** Collected data **
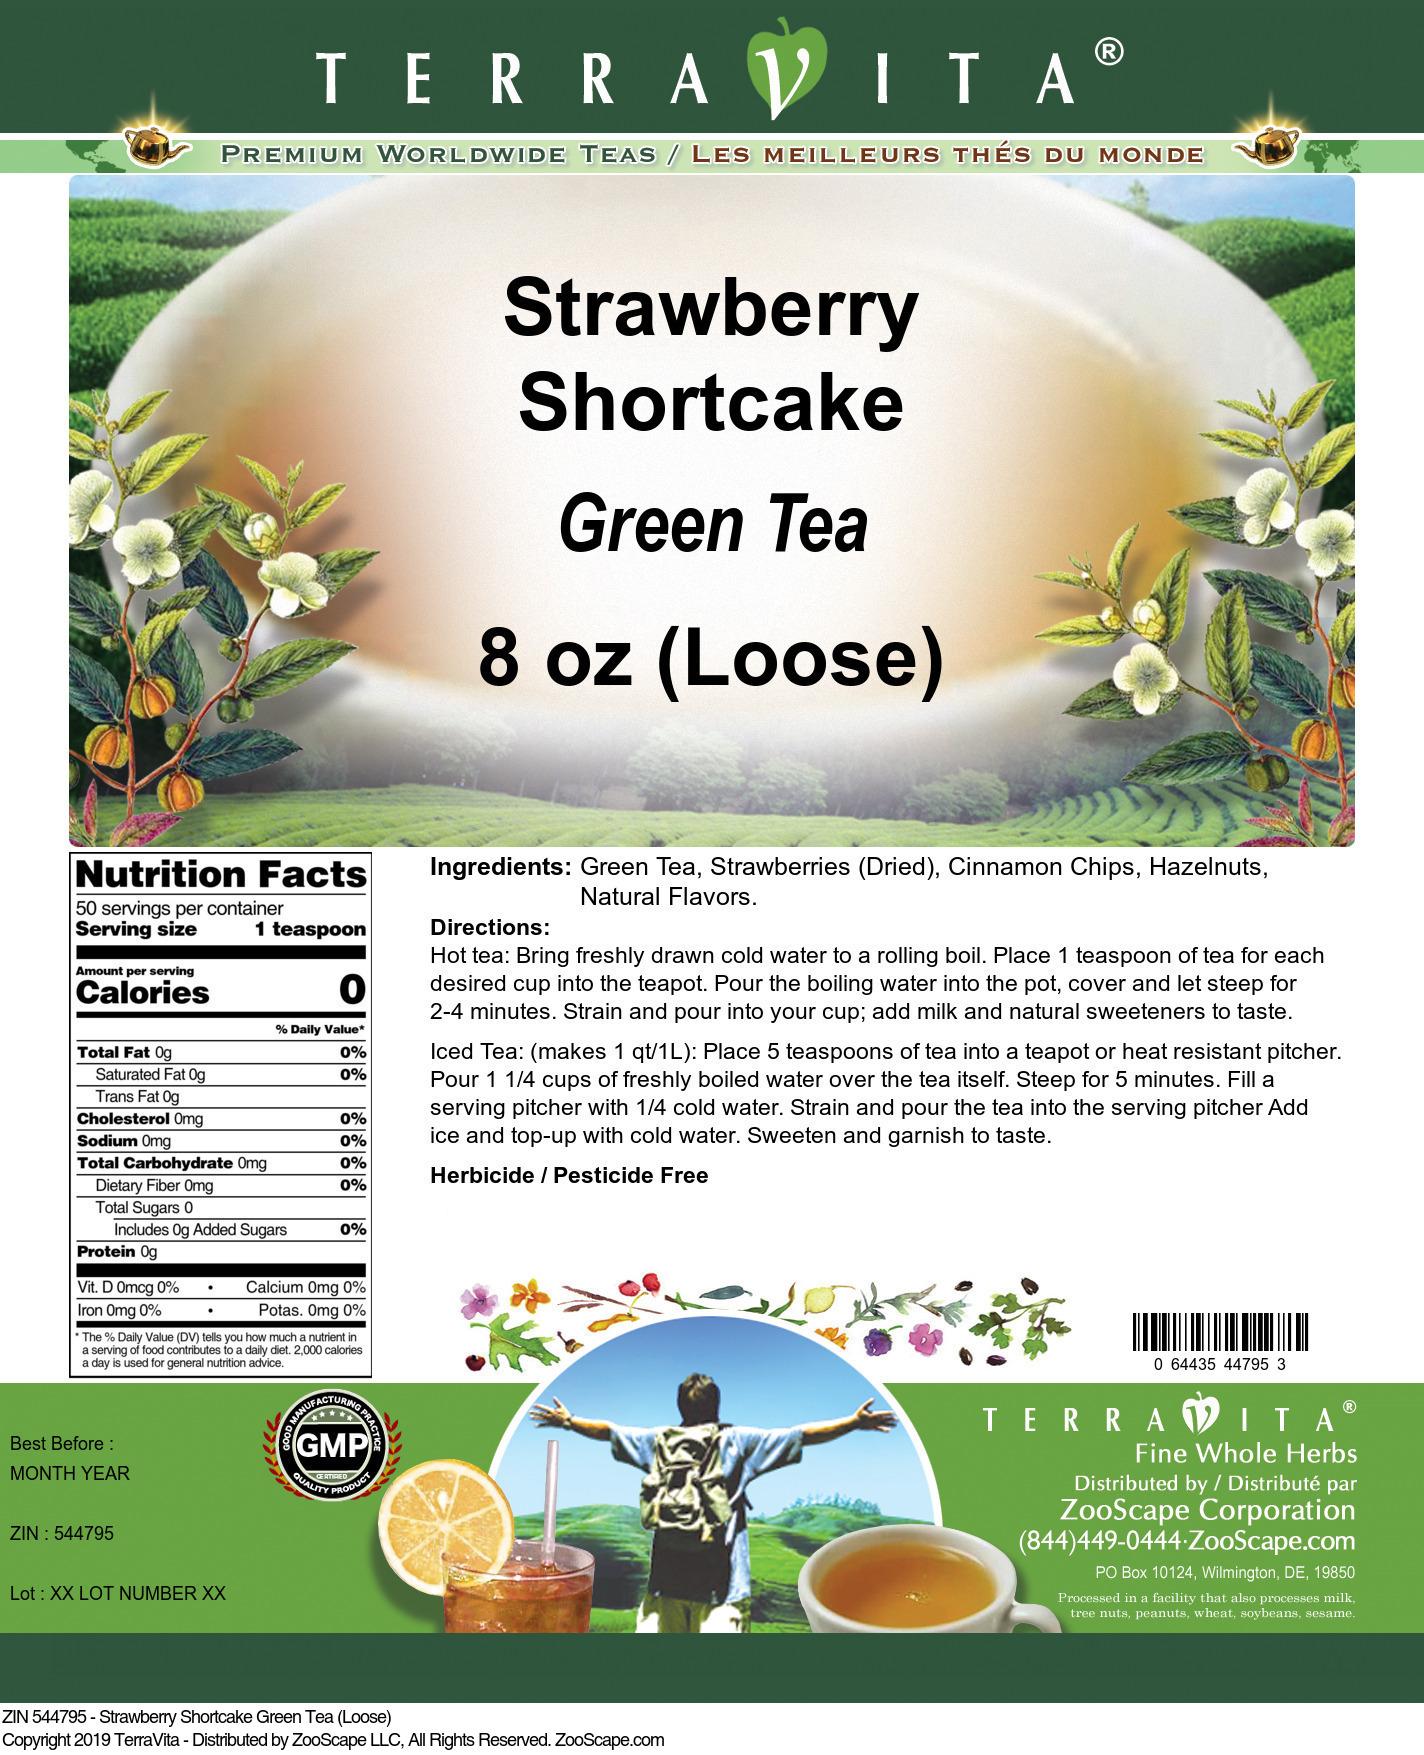 Strawberry Shortcake Green Tea (Loose)
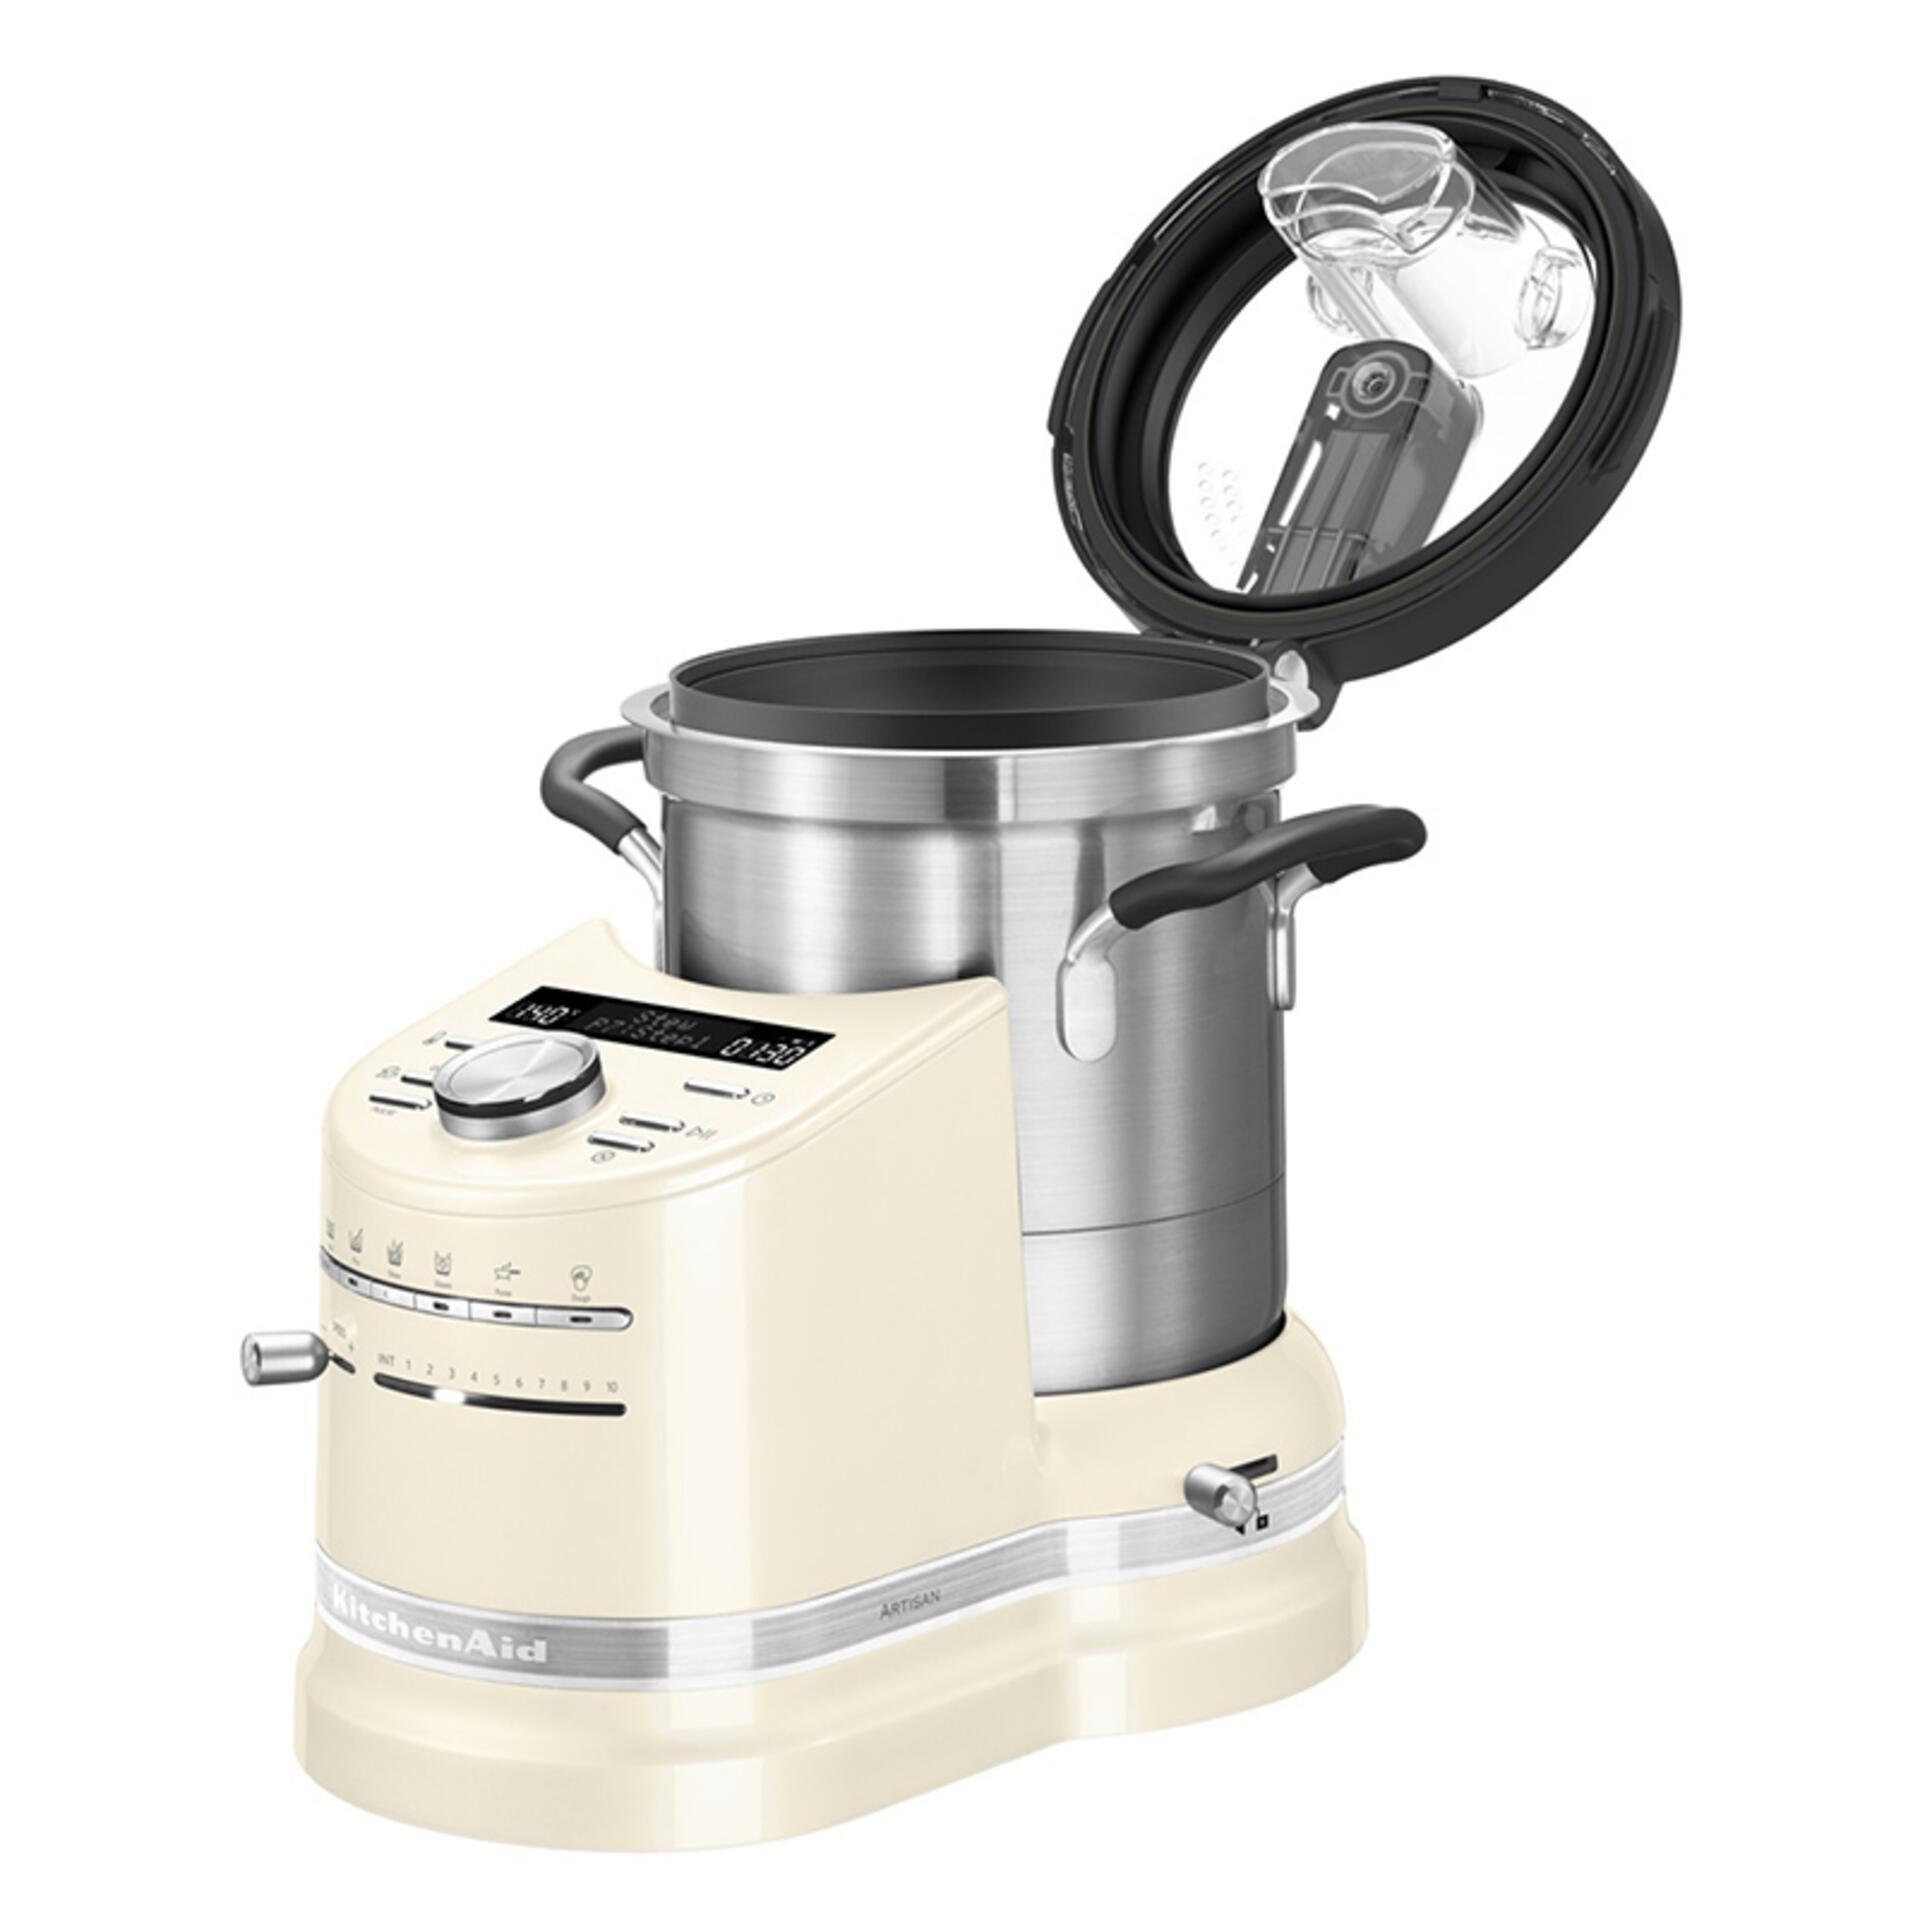 KitchenAid Artisan Cook Processor 5KCF0104EAC/4 Crème
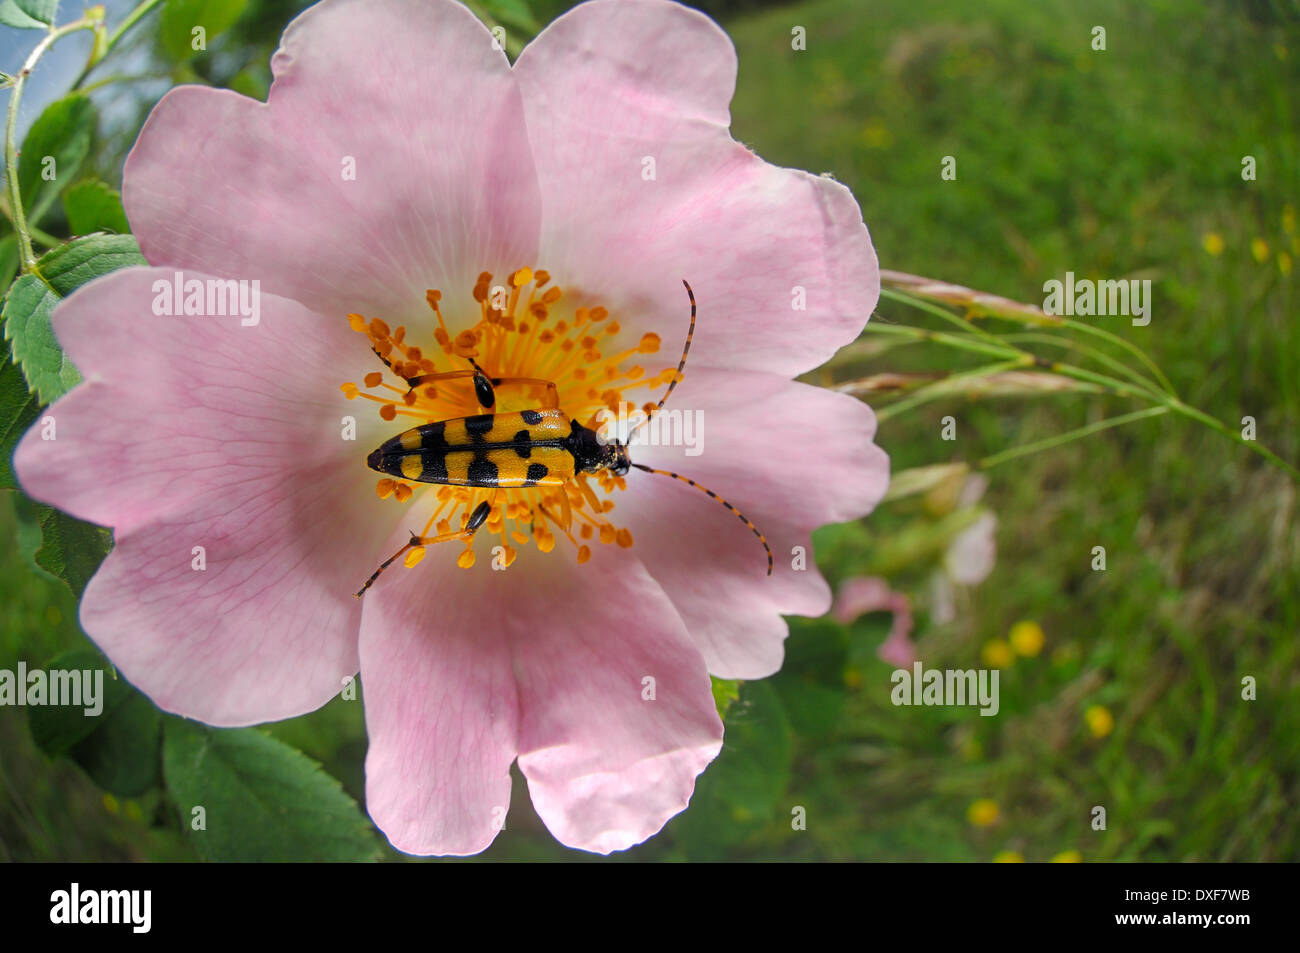 Spotted Longhorn Rutpela maculata | Schmalbock-Käfer auf Rose, Gefleckter Schmalbock, Strangalia maculata - Stock Image

** Exercise **
Each line of the data needs to be output exactly, with any image excluded.

** Response to the task **
 Strawberry Shortcake Green Tea (Loose)
 KitchenAid Artisan Cook Processor 5KCF0104EAC/4 Crème
 Spotted Longhorn Rutpela maculata | Schmalbock-Käfer auf Rose, Gefleckter Schmalbock, Strangalia maculata - Stock Image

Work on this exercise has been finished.